=== Section Start ===
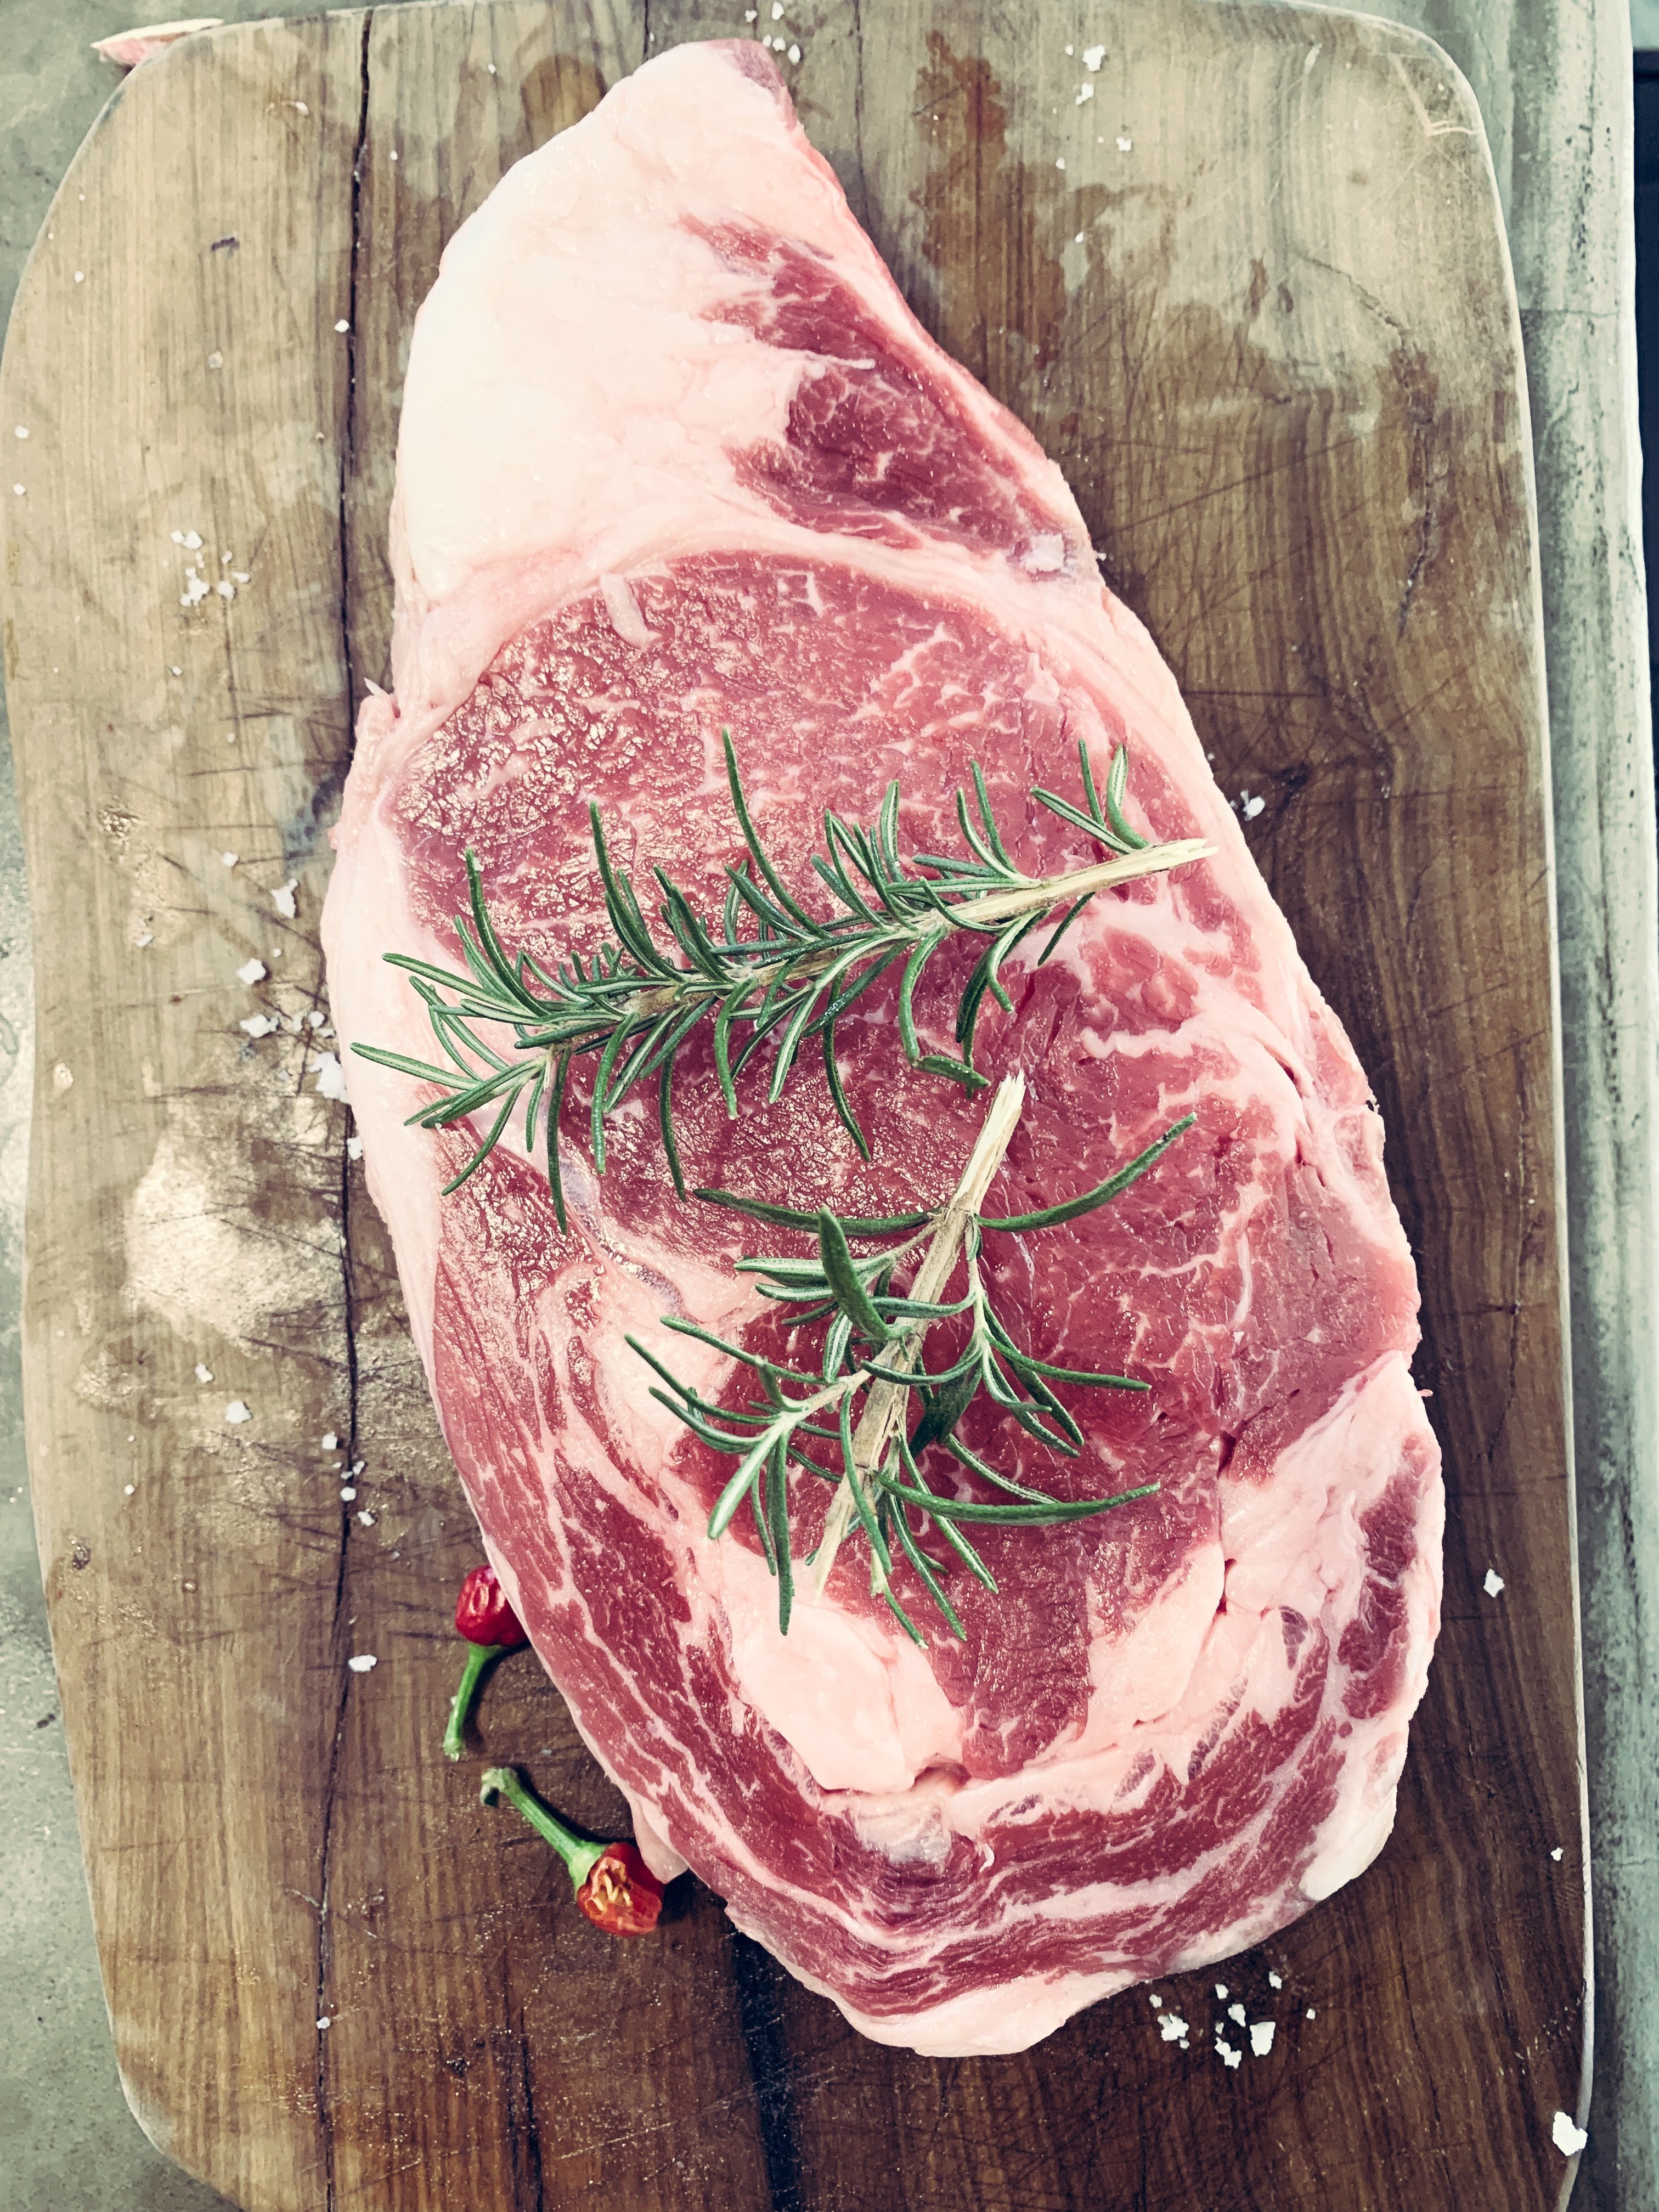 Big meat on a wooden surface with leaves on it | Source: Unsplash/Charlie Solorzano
=== Section End ===
=== Section Start ===
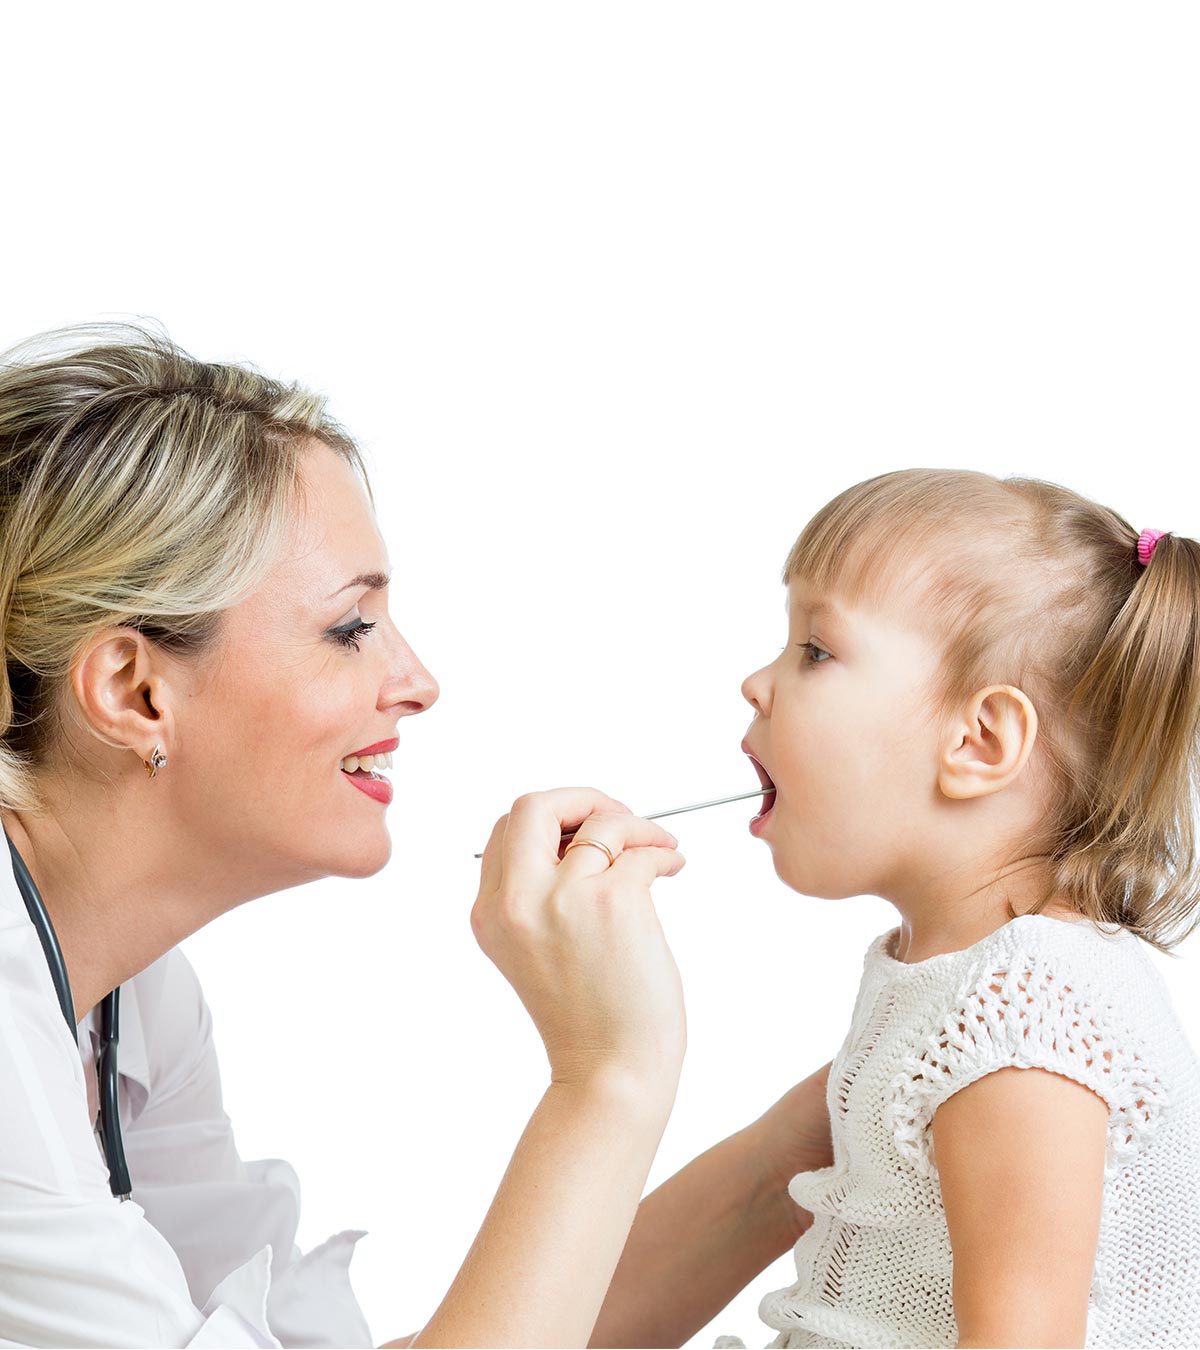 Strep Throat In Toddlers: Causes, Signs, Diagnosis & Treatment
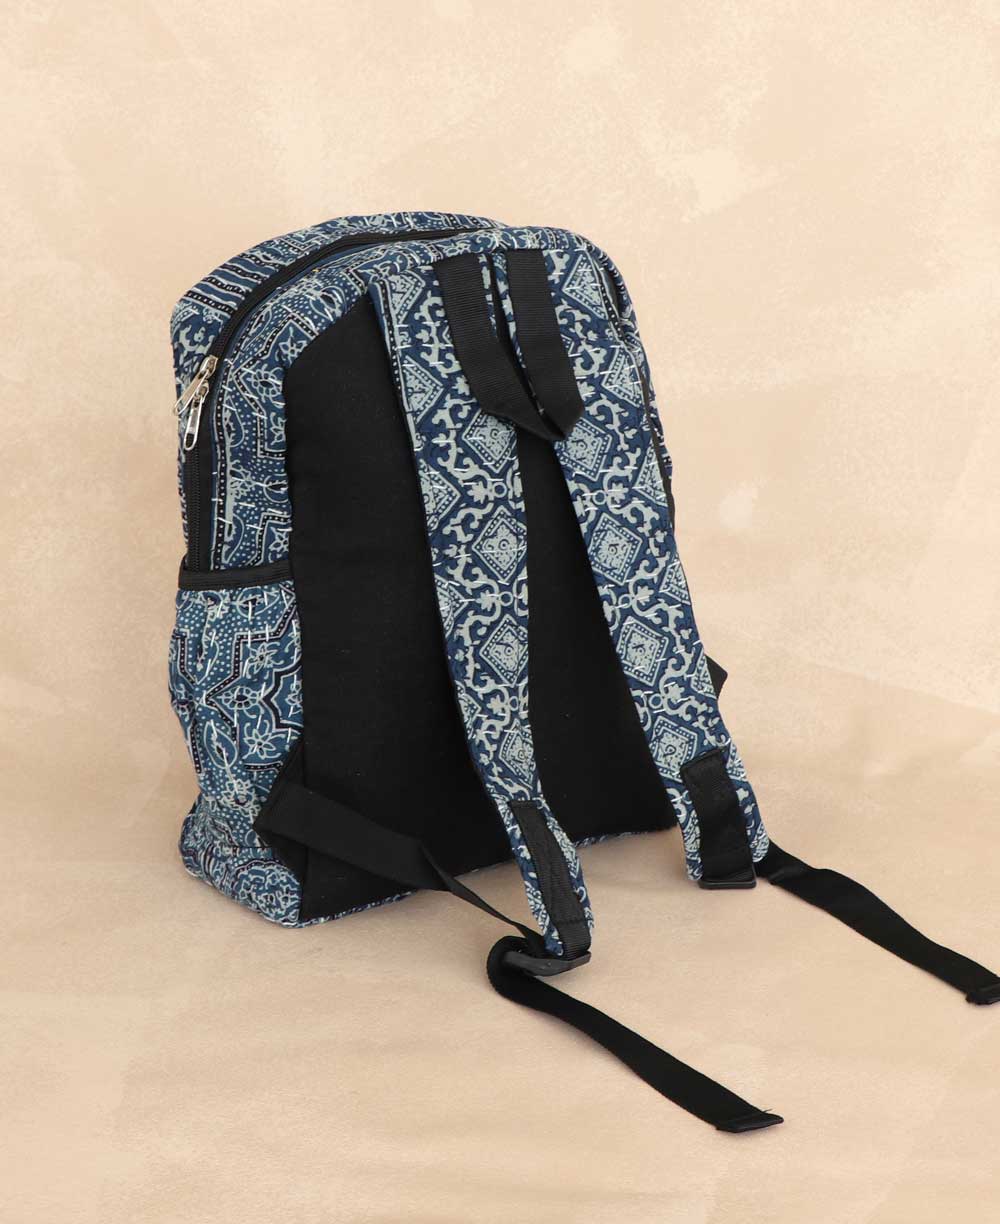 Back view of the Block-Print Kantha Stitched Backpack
=== Section End ===
=== Section Start ===
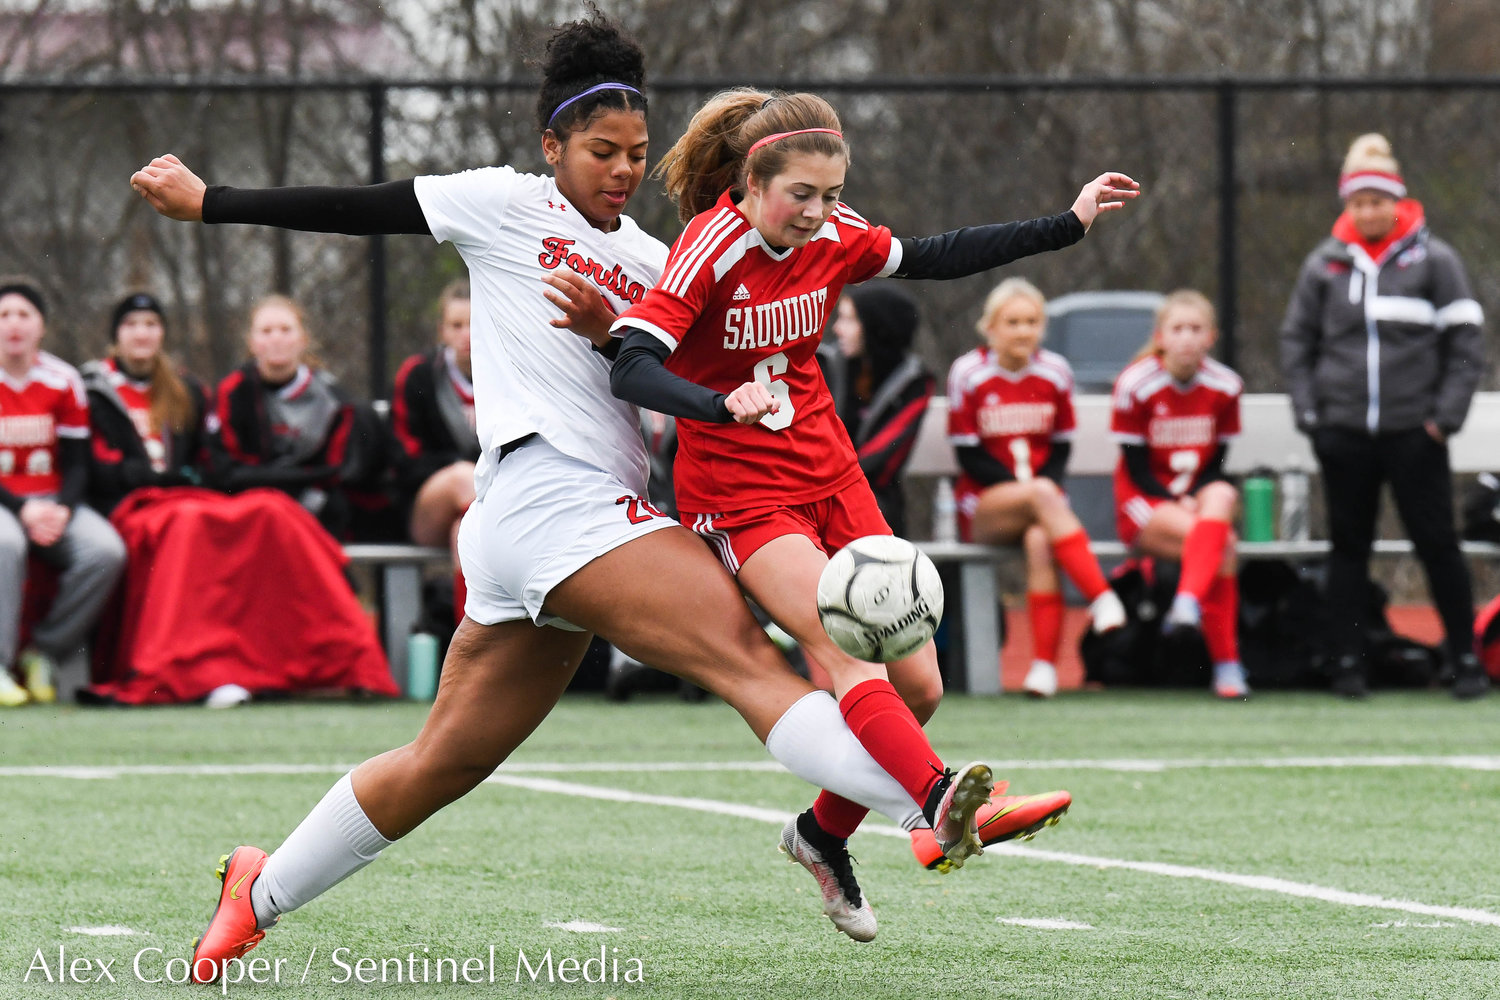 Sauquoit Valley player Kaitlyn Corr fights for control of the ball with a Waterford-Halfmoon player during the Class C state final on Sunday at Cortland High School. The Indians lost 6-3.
=== Section End ===
### WHAT THE EXERCISE ASKS
Precisely those lines above that run from the line with "Strep Throat In" up to and including the line with "Back view of" are to be set down, with the pictures omitted.

### ANSWER TO THE EXERCISE
 Strep Throat In Toddlers: Causes, Signs, Diagnosis & Treatment
 Back view of the Block-Print Kantha Stitched Backpack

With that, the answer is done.